TRY IT – Everything from the line with "N450GD, 2014 Gulfstream" to the line with "Helleborus Gold Collection®" in the listing below, both lines included, needs to be copied exactly, apart from the pictures.

SOURCE RECORDS –
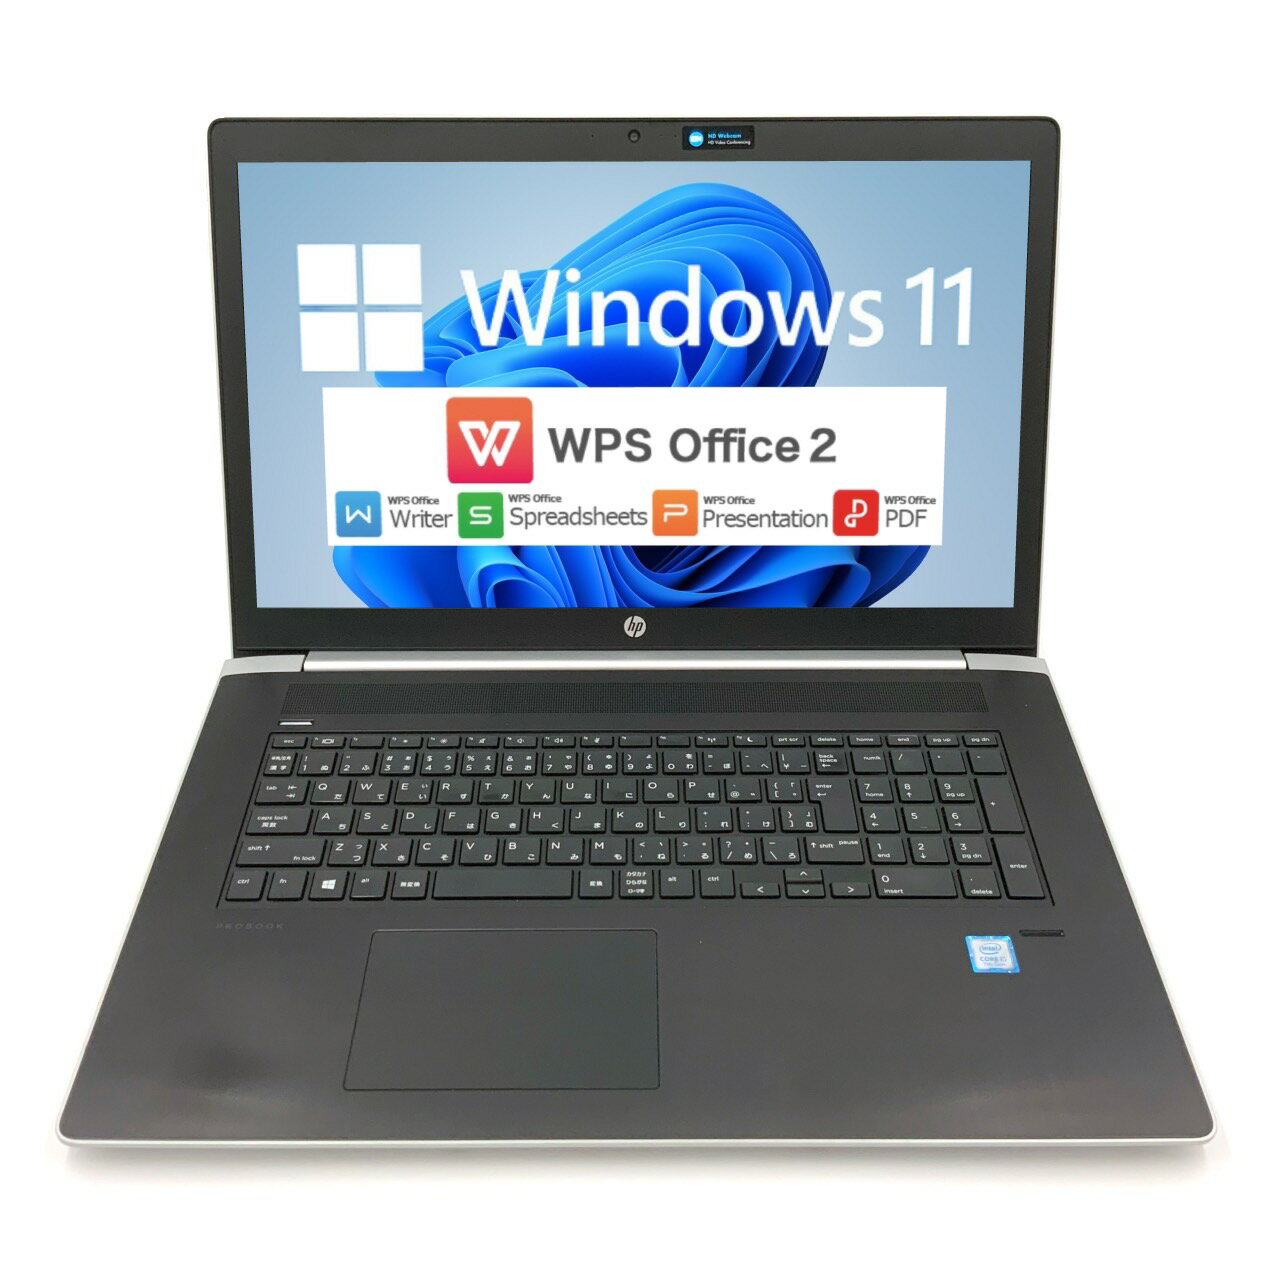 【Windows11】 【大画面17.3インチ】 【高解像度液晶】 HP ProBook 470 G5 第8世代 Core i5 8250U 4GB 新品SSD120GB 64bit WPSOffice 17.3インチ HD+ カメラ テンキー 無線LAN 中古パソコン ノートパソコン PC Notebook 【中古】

...

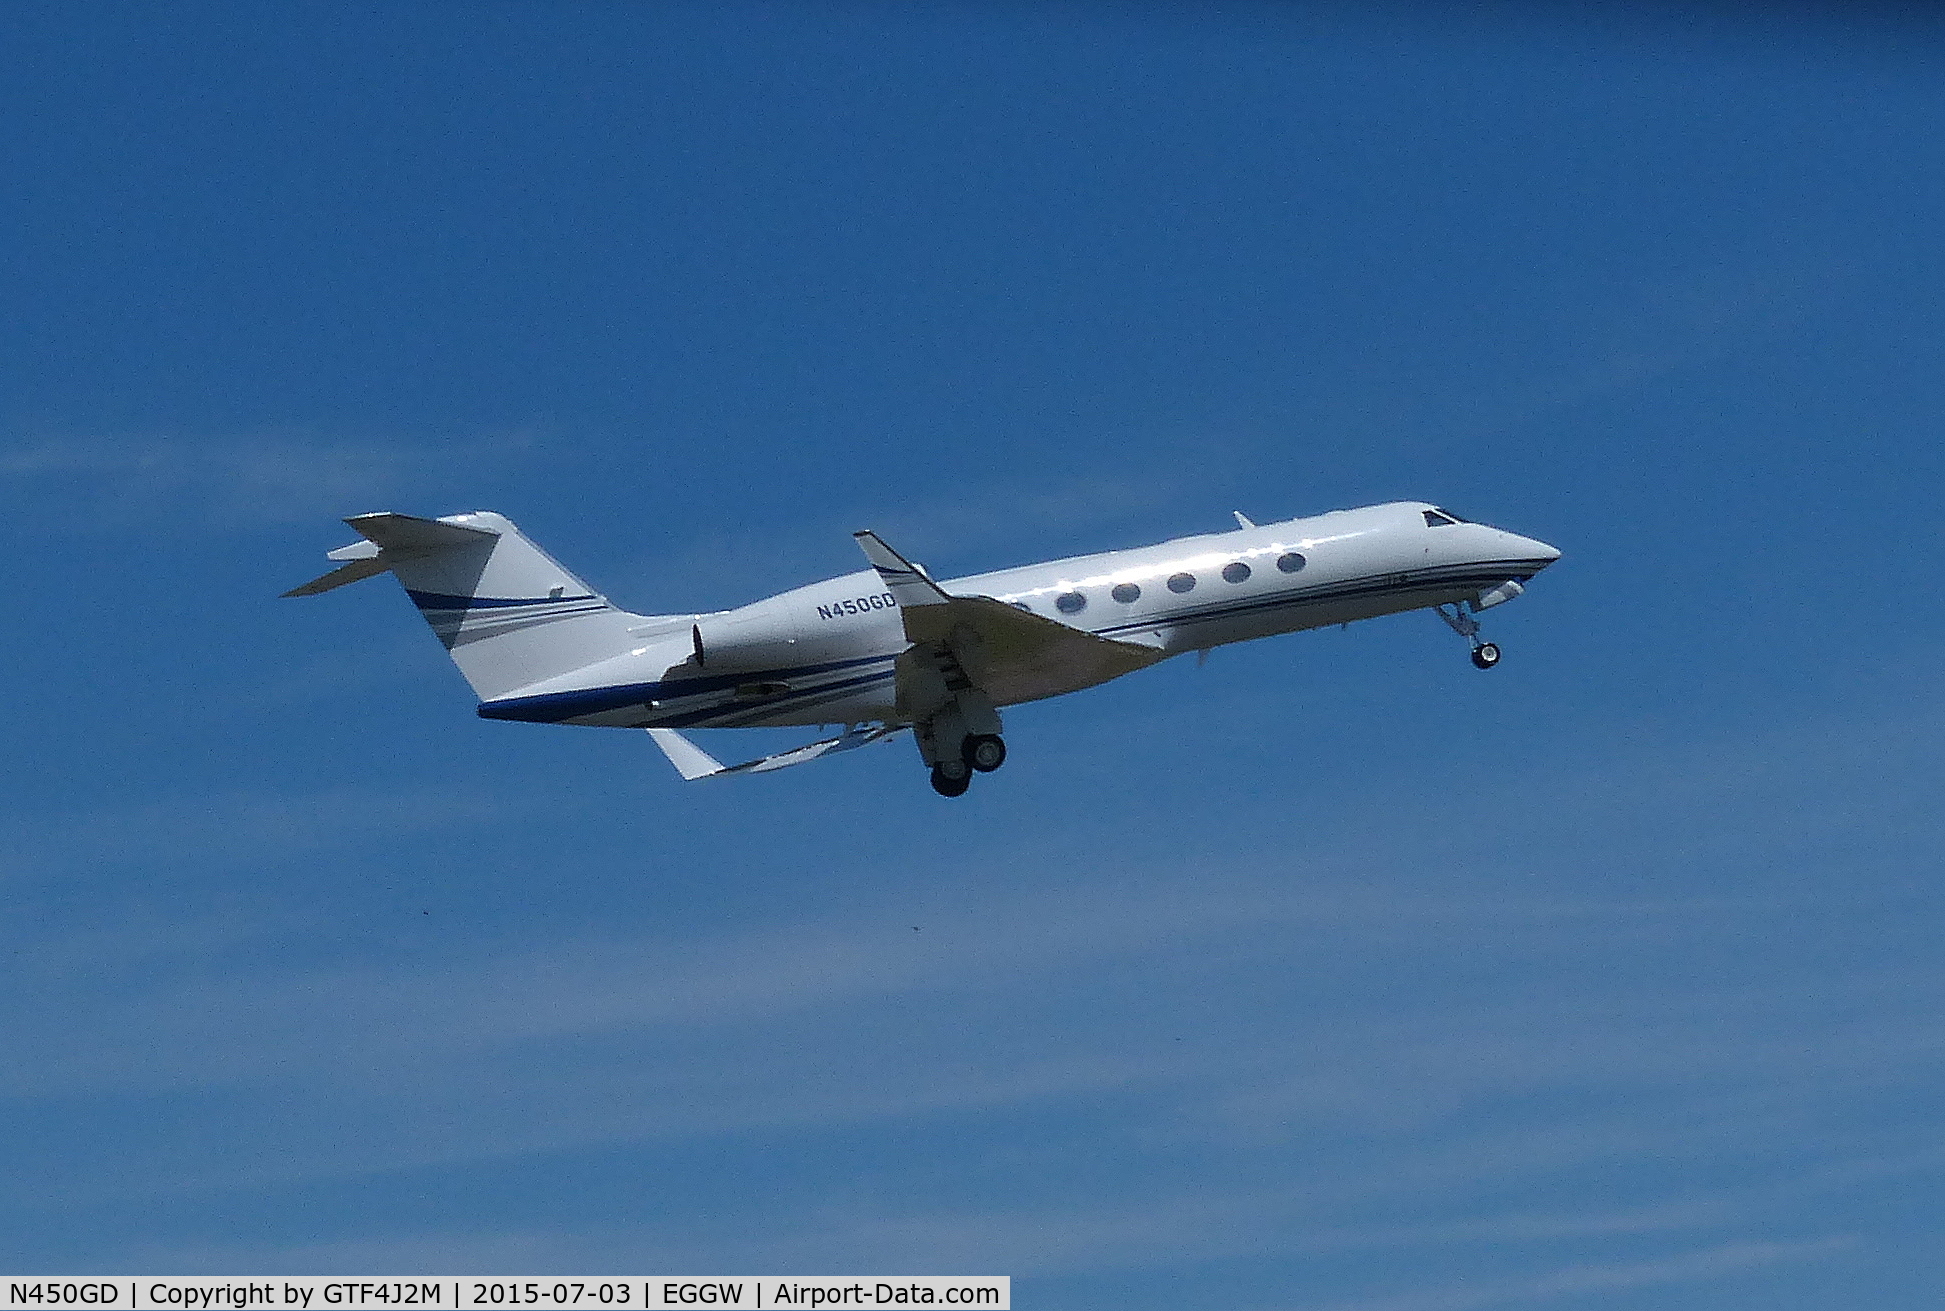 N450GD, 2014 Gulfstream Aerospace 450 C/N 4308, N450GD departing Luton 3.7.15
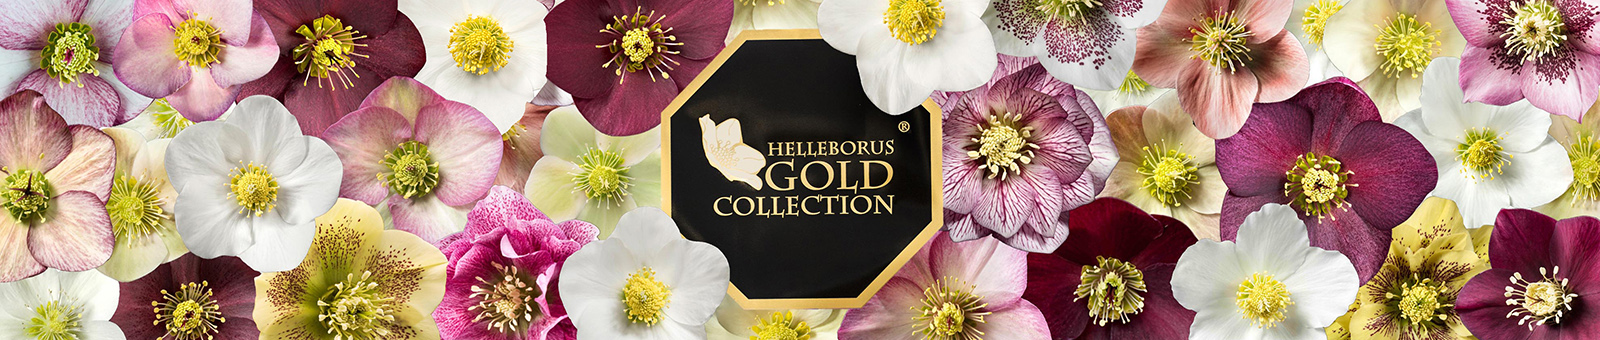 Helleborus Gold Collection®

ANSWER SECTION –
 N450GD, 2014 Gulfstream Aerospace 450 C/N 4308, N450GD departing Luton 3.7.15
 Helleborus Gold Collection®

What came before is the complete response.